Smaller churches appear to have some advantage over larger bodies as efforts to resume in-person worship gatherings continue, despite the emergence of new hot spots. The number of churches that don’t plan to reopen until “sometime next year” has grown from 1% to 5% in a month, according to researcher George Barna. The most recent example: Andy Stanley’s multi-site megachurch in Atlanta, Ga.
“We cannot guarantee your safety,” the pastor of North Point Community said in a video announcement. Stanley cited his state’s uptick in Coronavirus cases, the results of a member survey, and the experience of churches that have already reopened only to witness a rise in illnesses.
In Illinois, many IBSA churches relaunched in-person gatherings in June and July, adding services, spreading out chairs, or blocking off every other pew to help churchgoers maintain social distancing.
Current guidance from the Illinois Department of Public Health recommends that churches limit attendance to 25% of building capacity or 100 attenders, whichever is lower. Many IBSA churches can operate within the guidelines, but some have delayed reopening anyway, particularly in hard-hit communities.
The vast majority of churches in the Chicago Metro Baptist Association remained closed over the summer, said Rick Dorsey, pastor of Beacon Hill Missionary Baptist Church and the chair of the association’s administrative council. While many are planning late summer or fall reopenings, some churches in at-risk communities are waiting.
“Many African-American churches are choosing to be extra cautious before deciding to begin to reopen,” Dorsey said, “especially churches whose membership include a larger percentage of those considered to be at higher risk by the medical community.”
Early in the pandemic’s sweep across Illinois, downstate communities were less affected than the northern part of the state. The state’s current increases are more widespread, with the highest testing positivity in the south. In central Illinois, a non-IBSA church in Litchfield saw an outbreak of at least 25 cases after restarting in-person services in June.
In July, Gov. J.B. Pritzker subdivided the four regions originally established to identify resurgences of the virus into 11 regions. He also released new metrics that could bring back restrictions.
If a region sees a sustained increase in the 7-day rolling average in the testing positivity rate, plus an increase in hospital admissions over seven days or reduction in hospital capacity, restrictions would go back into effect, including stricter limits on gatherings. Three consecutive days with a positivity rate greater or equal to 8% would also trigger restrictions.
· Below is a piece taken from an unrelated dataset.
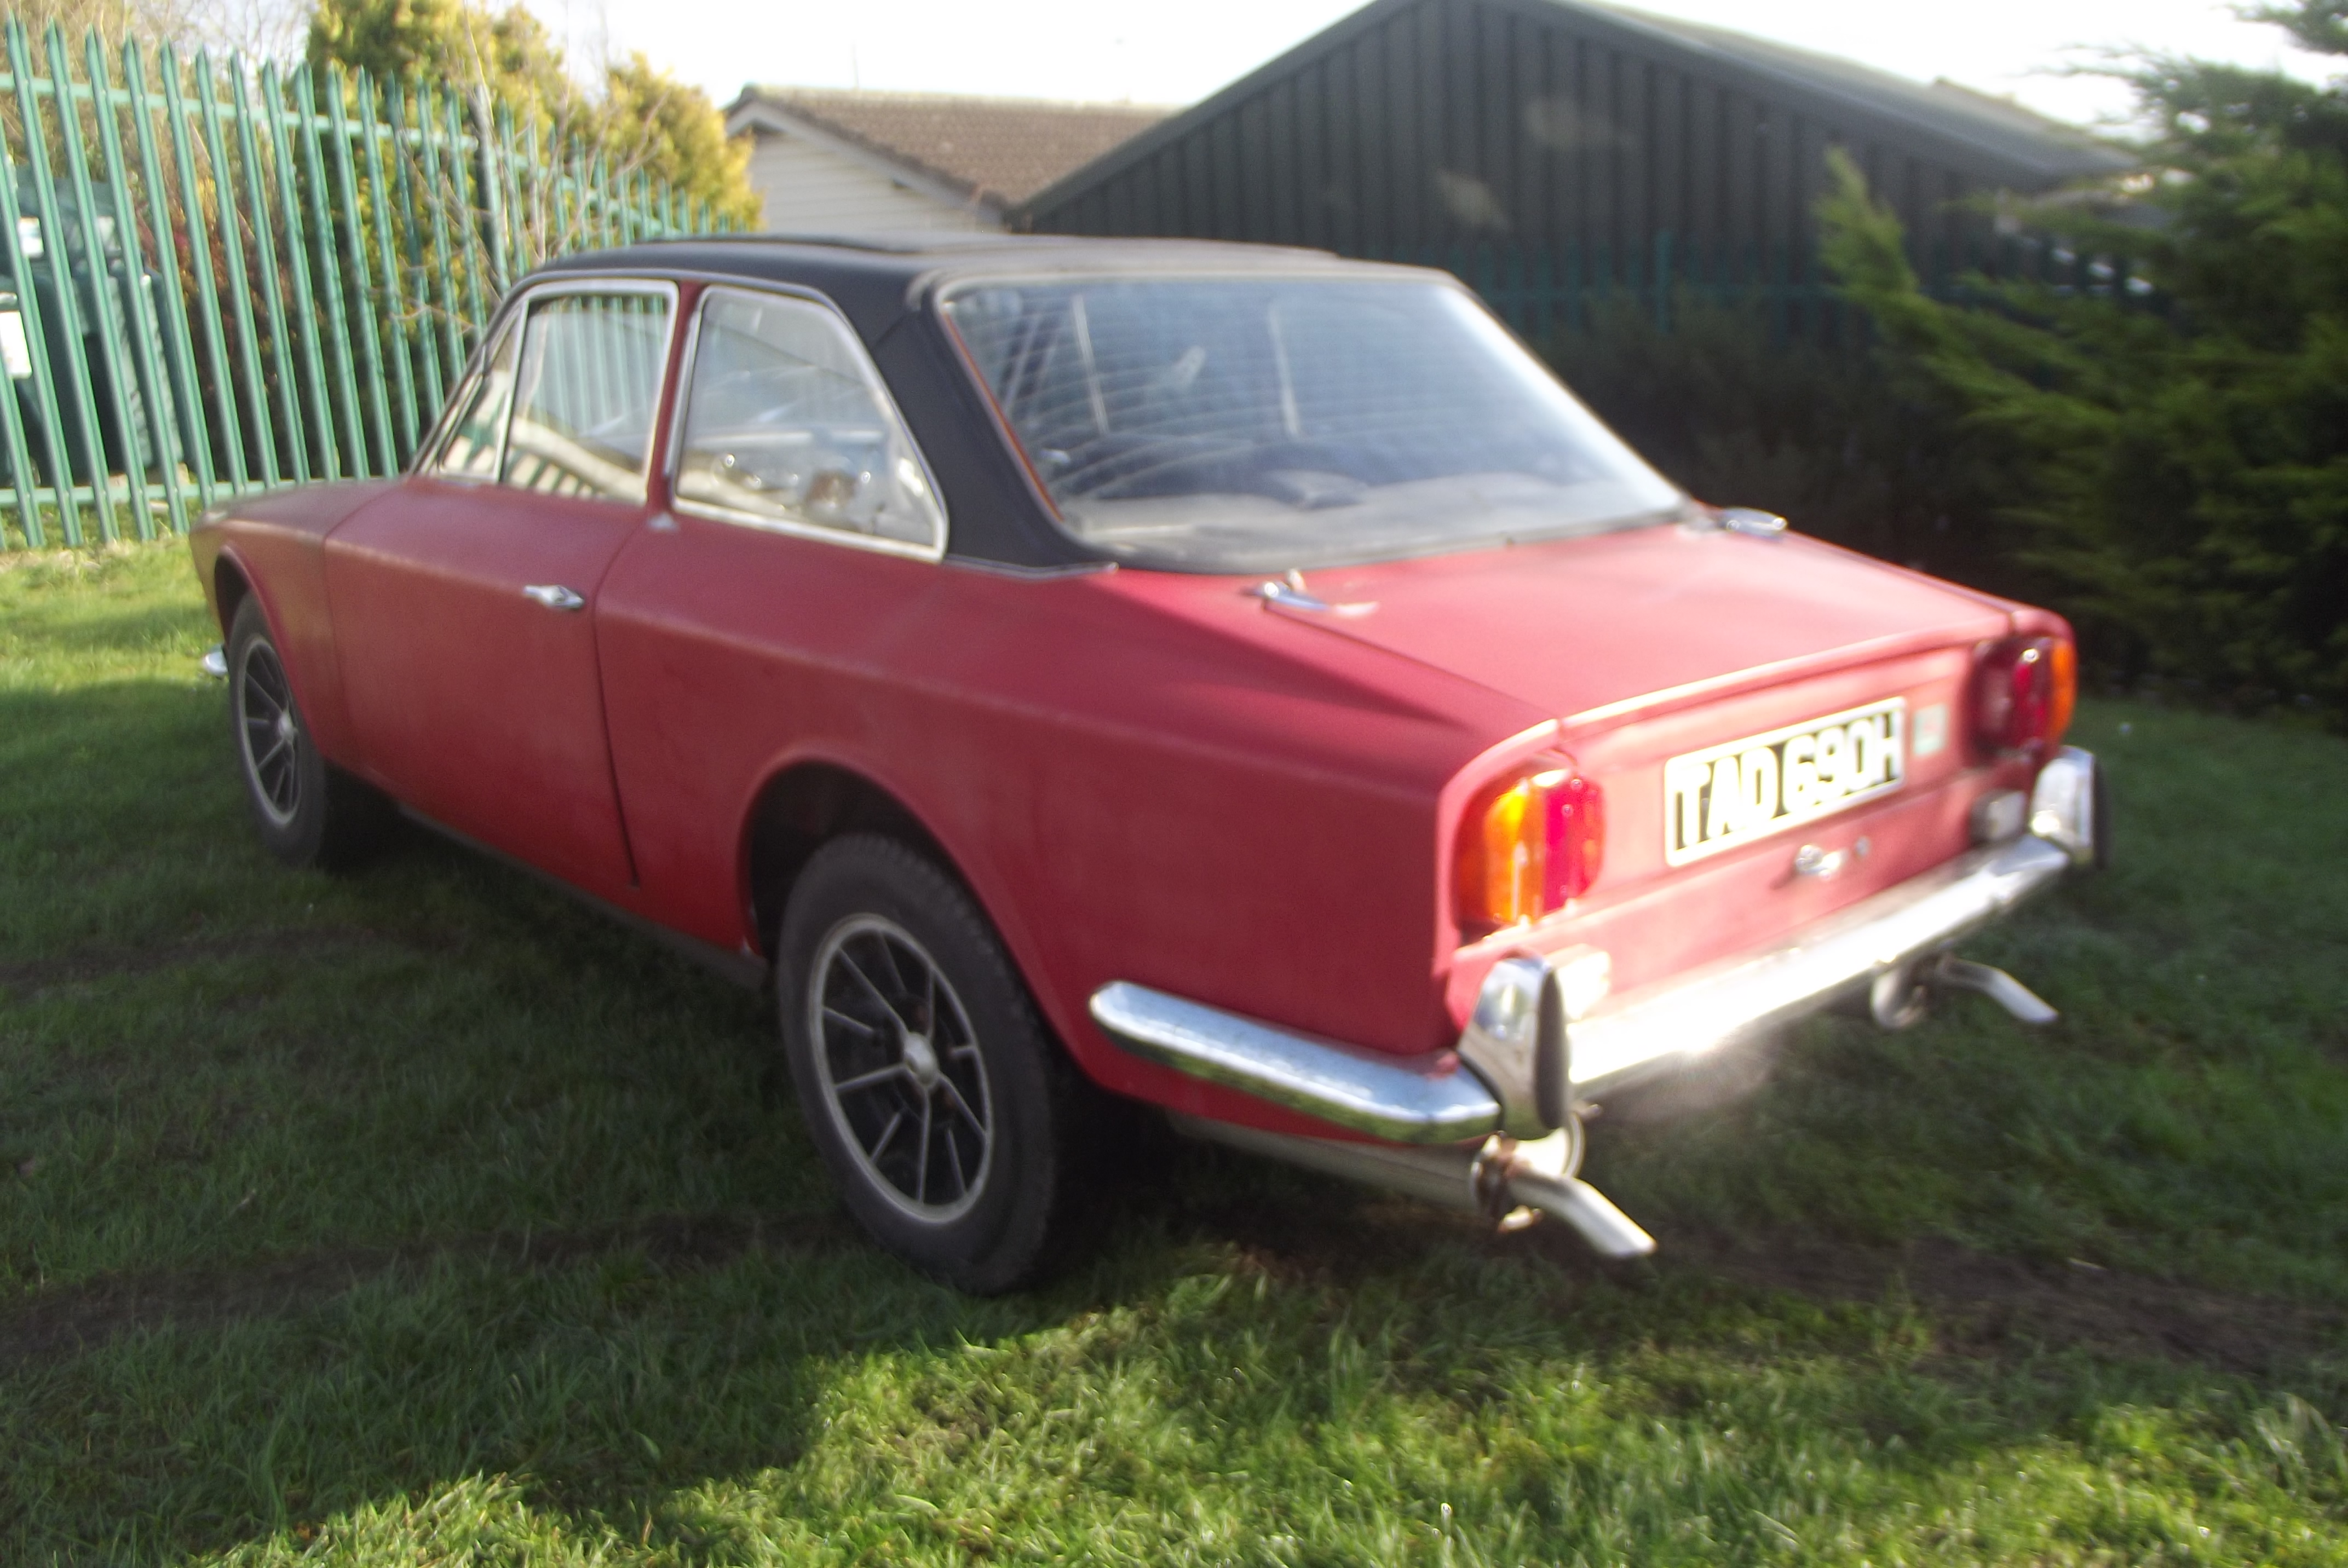 A 1969 Gilbern Genie, registration number TAD 690H, red. - Image 2 of 2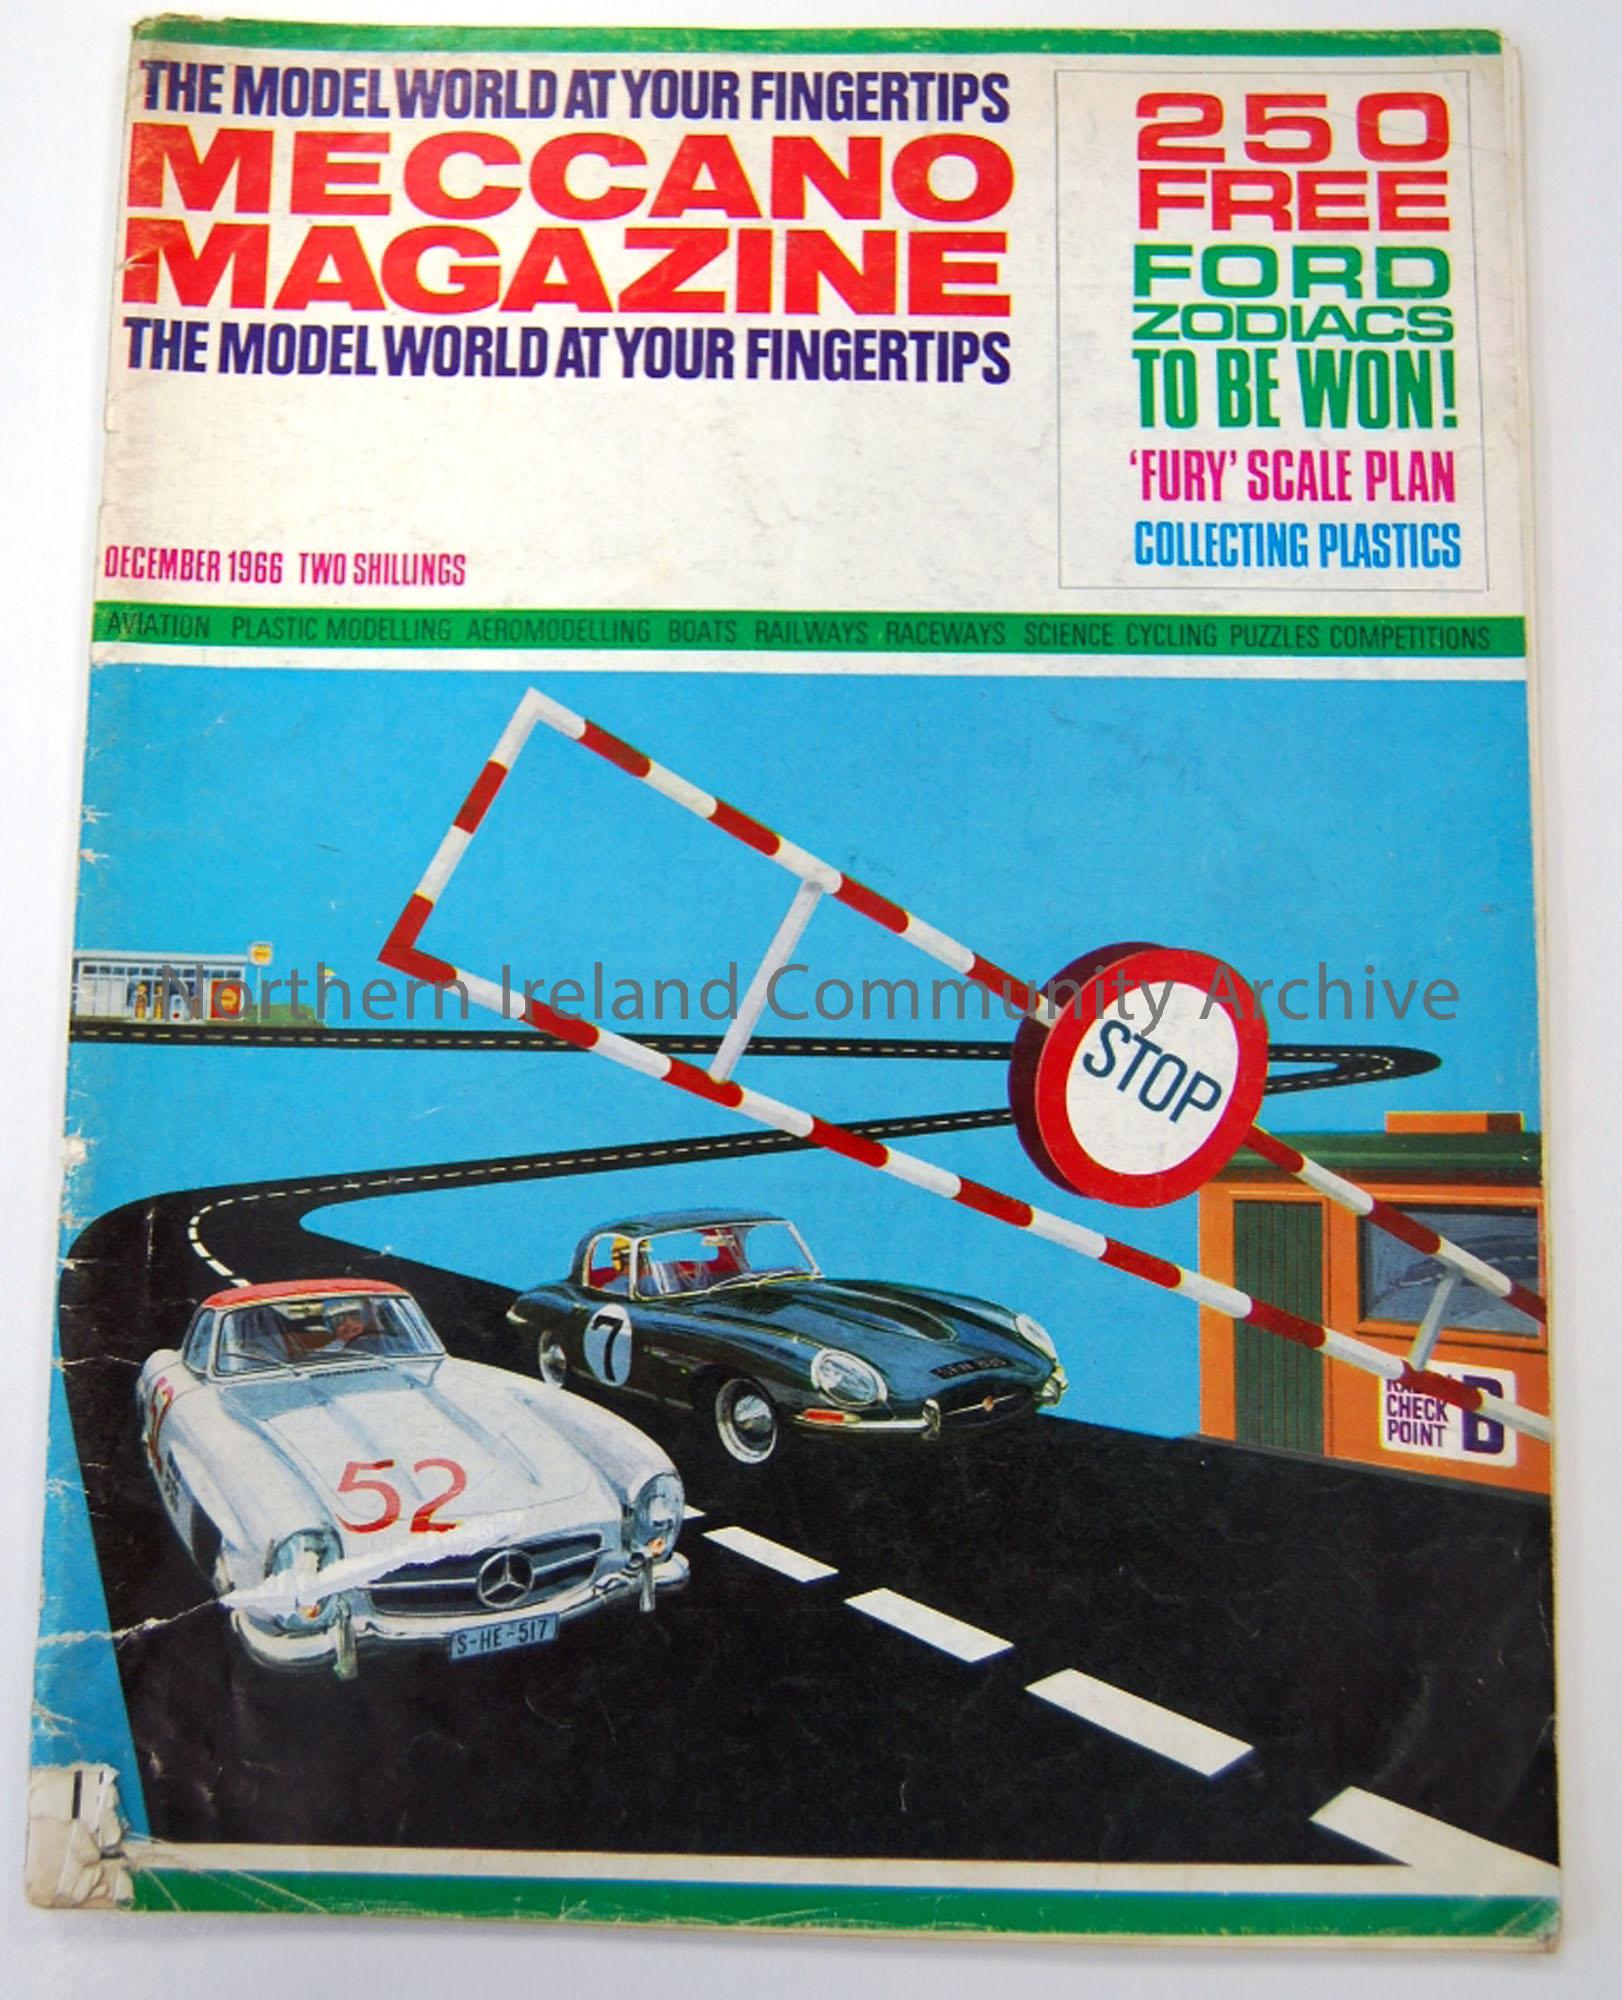 Meccano magazine, The model world at your fingertips. Decmber 1966. Price 2 shillings

As church leaders in Illinois brace for a rise in cases, other states renewed restrictions amid further outbreaks. In California, Gov. Gavin Newsom resumed the state’s ban on indoor worship services. In Alabama, a Southern Baptist pastor shared a first-person account of a COVID-19 outbreak among his church’s staff and volunteers.
“We didn’t see anything like this in March, April, or May, but what we are watching now can only be described as a wave of infections spreading through our church,” wrote Derek Allen of First Baptist Tillman’s Corner in Mobile. It started in a church staff meeting.
The Southern Baptist Ethics and Religious Liberty Commission (ERLC) released a statement encouraging churches to cooperate with government efforts, including contact tracing. The statement, released July 10, says “churches should create a process that utilizes all available means of contacting members and guests of the church’s activities to ensure widespread notice is made in the event of a potential exposure.”
The inability to conduct contact tracing among thousands of worship attenders was a reason Stanley cited in their decision to stay closed.